### What you will do
Include the line containing "Huile d'olive vierge extra - Produkt - fr" and every line after it up to the end of the material below; reproduce them exactly and drop the pictures.

### Given information
━━━━━━━━

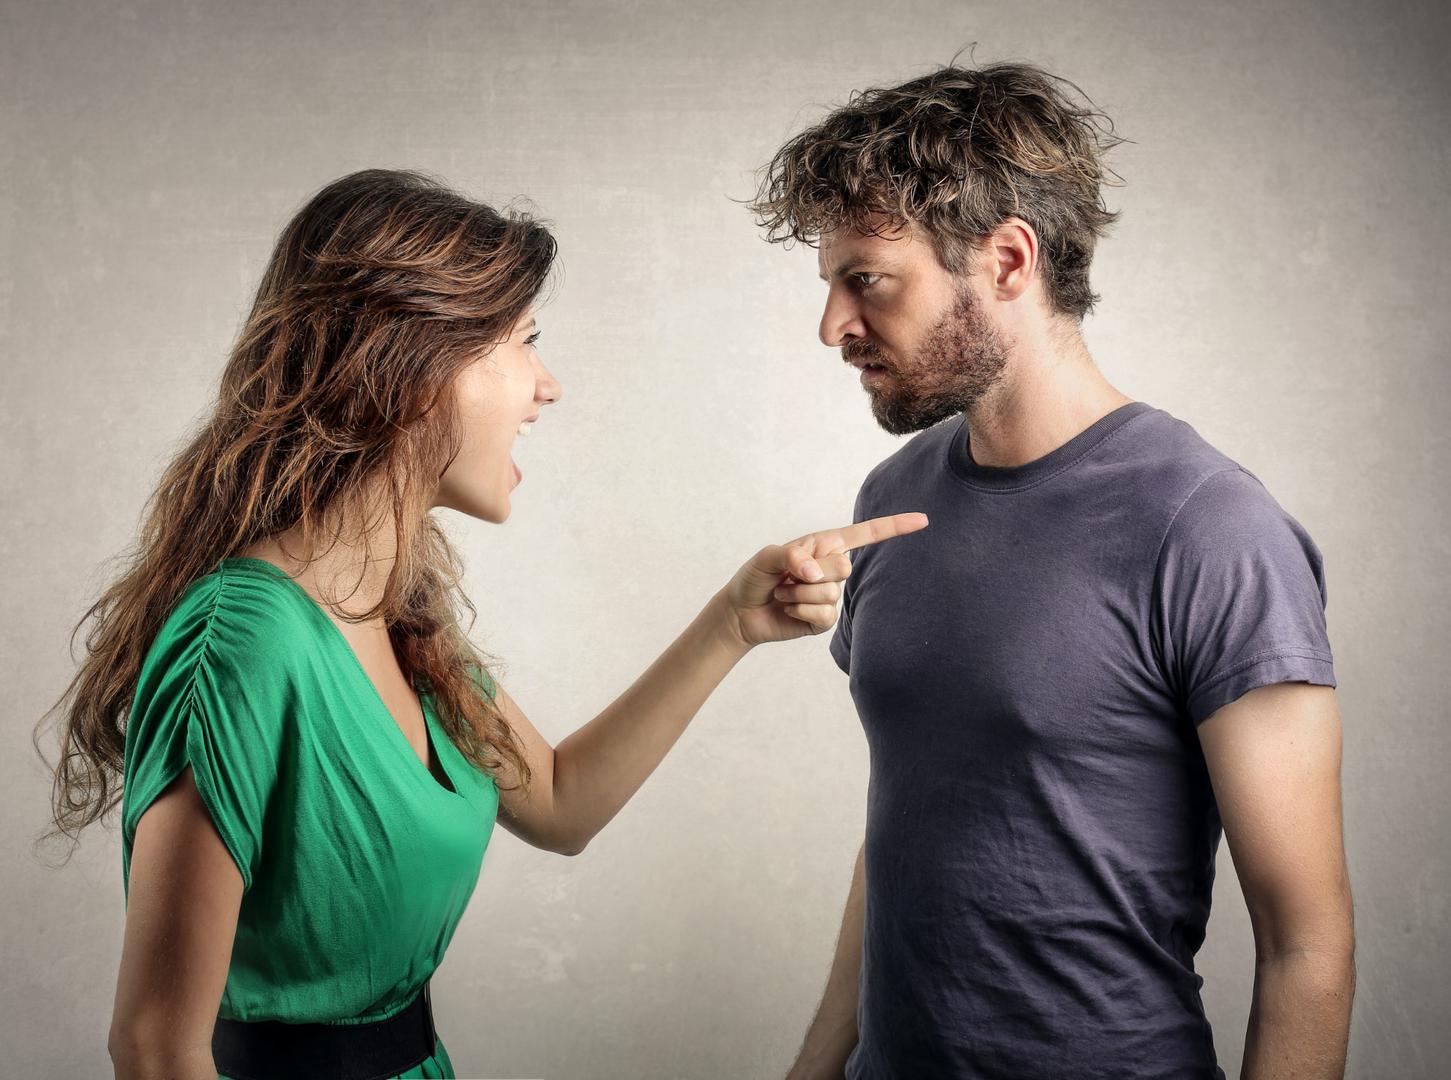 Ako partner maše lijevom rukom dok se razgovarate to znači da se ne osjeća ugodno s onim što vam govori. Trljanje lijevog oka lijevom rukom također pokazuje da nisu posve iskreni s vama.
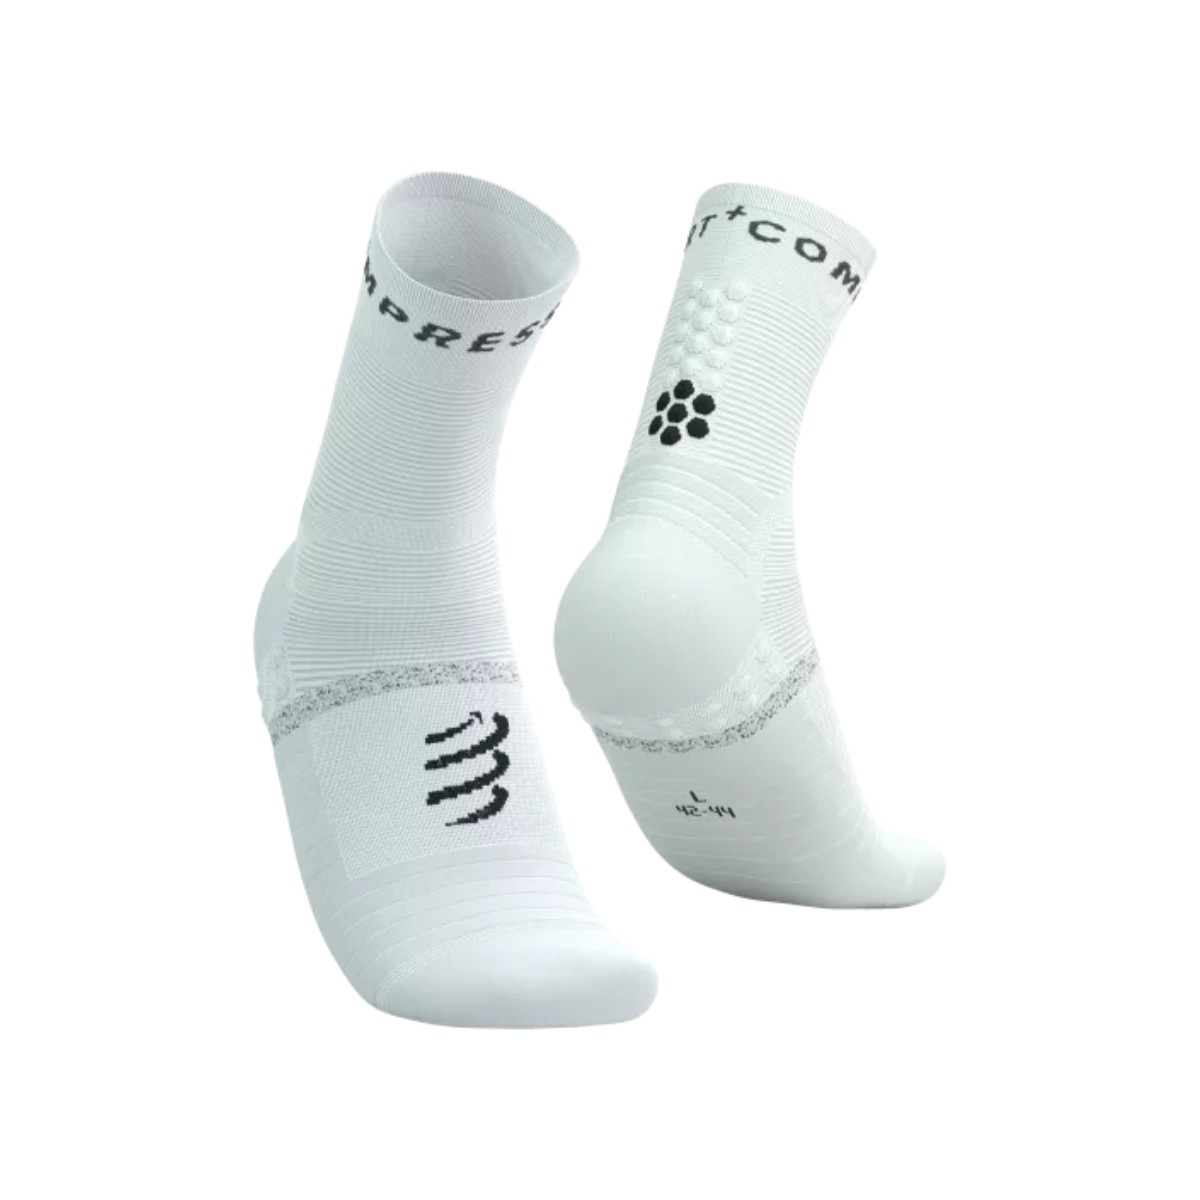 ist unser günstig Kaufen-Pro Marathon Socken V2.0 - Weiß Schwarz, Größe Größe 2. Pro Marathon Socken V2.0 - Weiß Schwarz, Größe Größe 2 <![CDATA[Pro Marathon Sock Anti-Blister-Laufsocken Beleben Sie Ihr Lauferlebnis mit unseren Pr
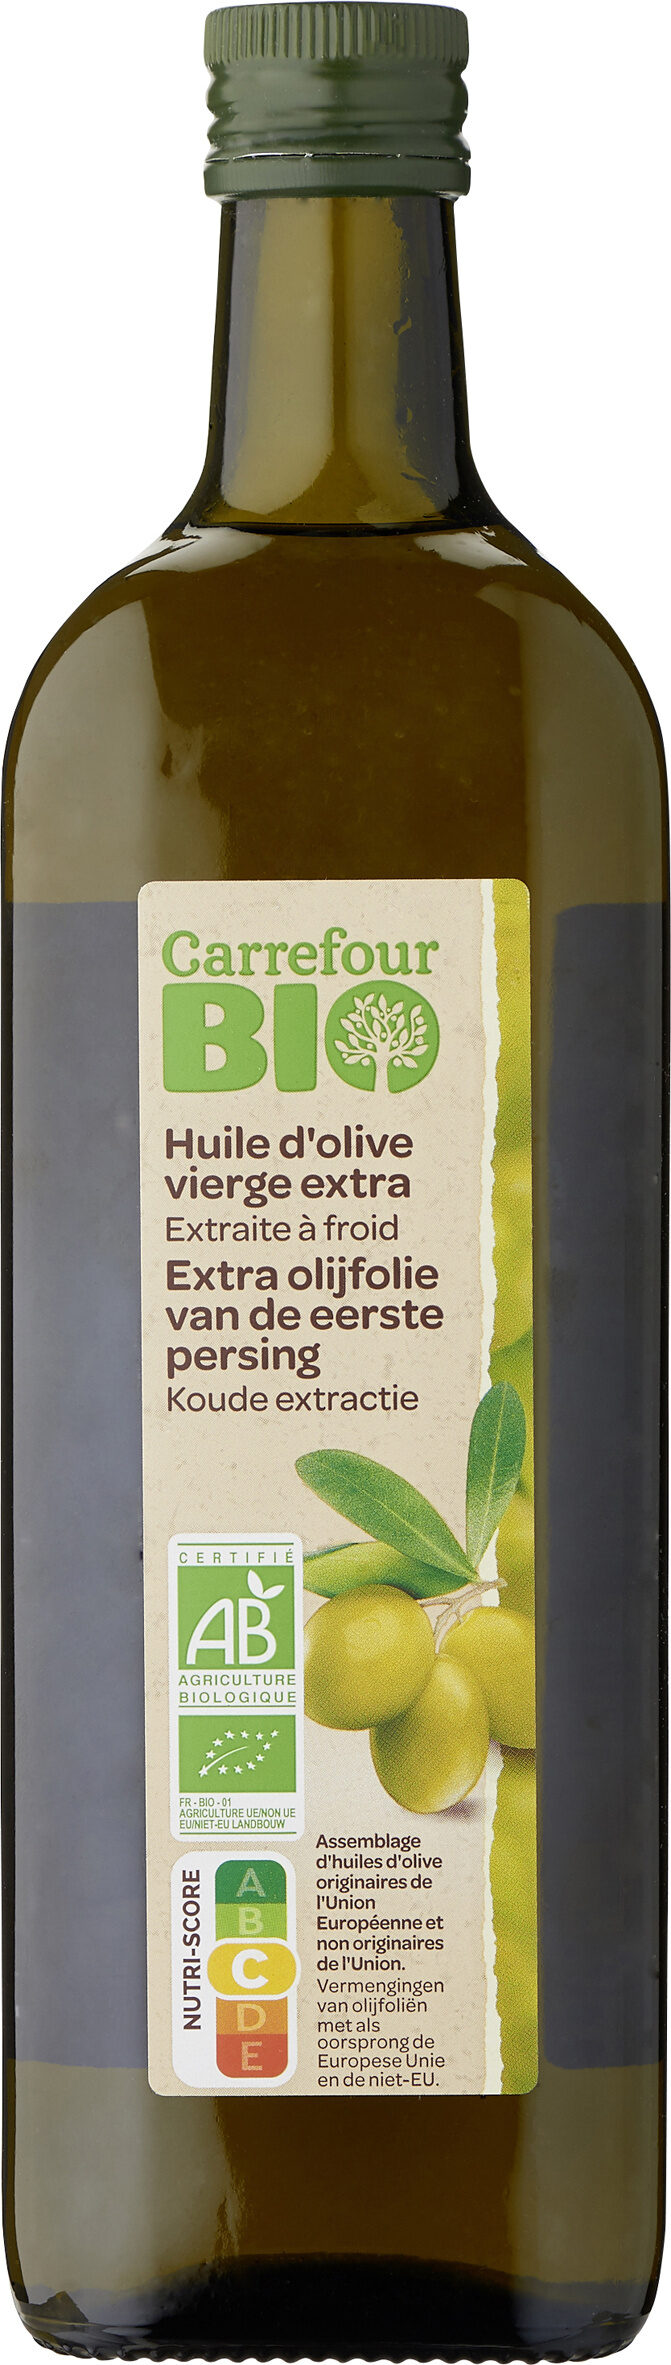 Huile d'olive vierge extra - Produkt - fr
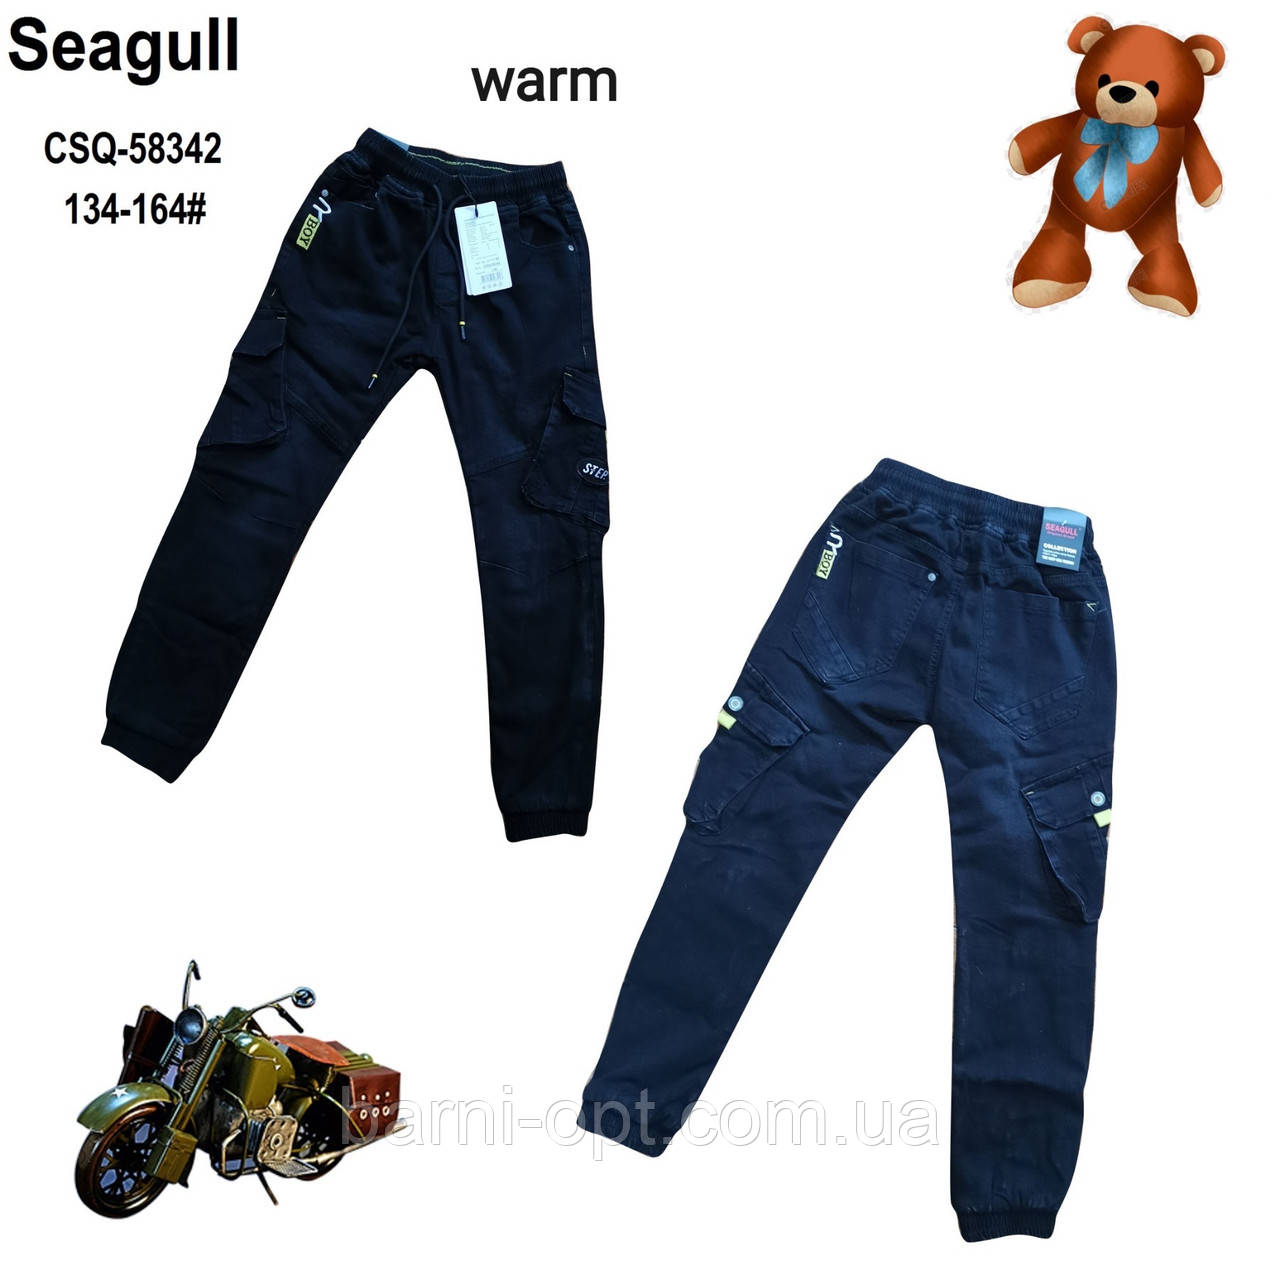 Утеплені штани джокери на флісі для хлопчиків оптом, Seagull, 134-164 рр.

━━━━━━━━

### Exercise response
 Huile d'olive vierge extra - Produkt - fr
 Утеплені штани джокери на флісі для хлопчиків оптом, Seagull, 134-164 рр.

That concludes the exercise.